Derivatization of cetuximab and F(ab′)2 fragments for radiolabeling

Conjugation was performed at a 20:1 DOTAGA-anhydride/cetuximab molar ratio. 100 μL of a 3.7 mg.mL^− 1 suspension of DOTAGA-anhydride (370 μg, 0.8 μmol, 20 equiv) in dry chloroform (Carlo Erba, Val de Reuil, France) were pipetted under ultrasonication and transferred into a 15 mL polypropylene tube. The chloroform was evaporated under a gentle stream of air. 480 μL of a solution of purified cetuximab (12.5 mg.mL^− 1, 6 mg, 40 nmol, 1 equiv) in PBS, pH 7.4, (Fisher Scientific, Illkirch, France) were subsequently added. The solution was completed to 3 mL with PBS 0.1 M, pH 7.4, and gently mixed at 25 °C for 30 min. Unbound DOTAGA was then removed by ultrafiltration (Vivaspin filter 10 kDa, Sartorius, 30 min at 1520 g, 4 °C). Conjugated cetuximab was washed twice with 5 mL of PBS 0.1 M, pH 7.4, and the concentrated solution was diluted in 500 μL of ammonium acetate buffer 0.1 M pH 5.9. The purified immunoconjugate DOTAGA-cetuximab was stored at 4 °C. Concentration of the antibody was determined by UV spectrophotometry at 280 nm (E₂₈₀ = 1.44 mg mL^− 1 cm^− 1). The degree of labeling was determined by MALDI-TOF mass spectrometry using sinapinic acid as matrix.

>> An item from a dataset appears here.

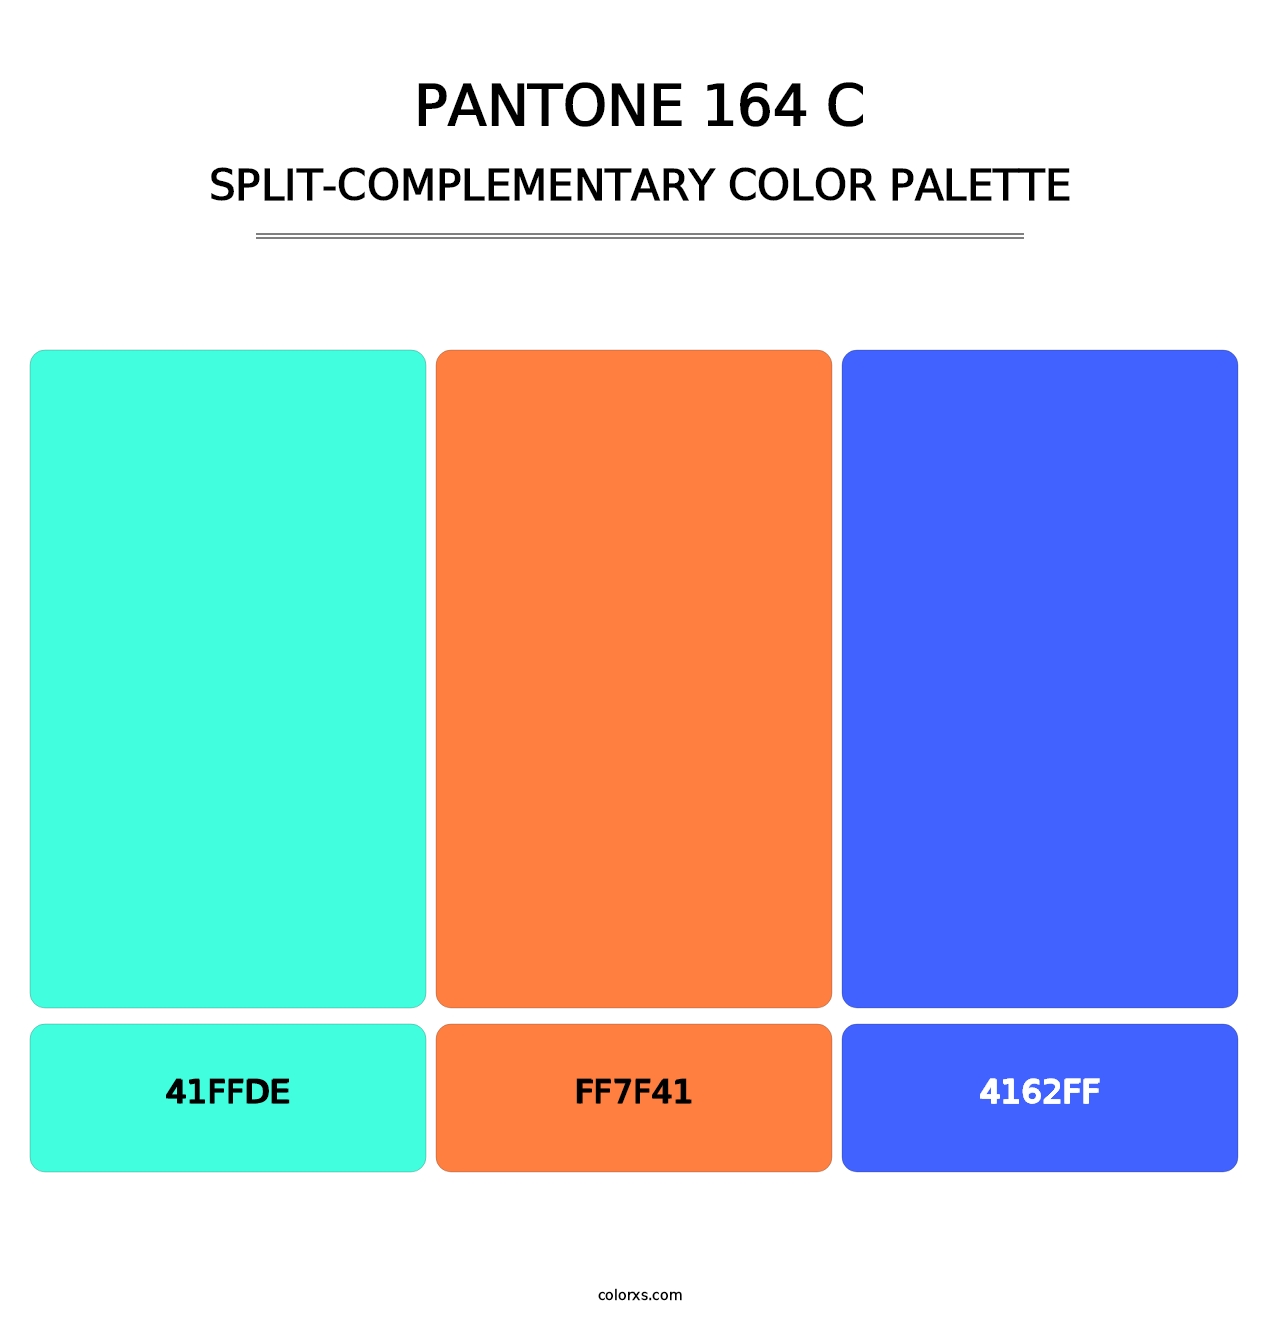 PANTONE 164 C - Split-Complementary Color Palette

Following a similar procedure, conjugation was performed at a 15:1 DOTAGA-anhydride/F(ab′)₂ molar ratio. 111 μL of a 3.7 mg.mL^− 1 suspension of DOTAGA-anhydride (411 μg, 0.9 μmol, 15 equiv) in dry chloroform were pipetted under ultrasonication and transferred into a 15 mL polypropylene tube. See details in Supplemental methods.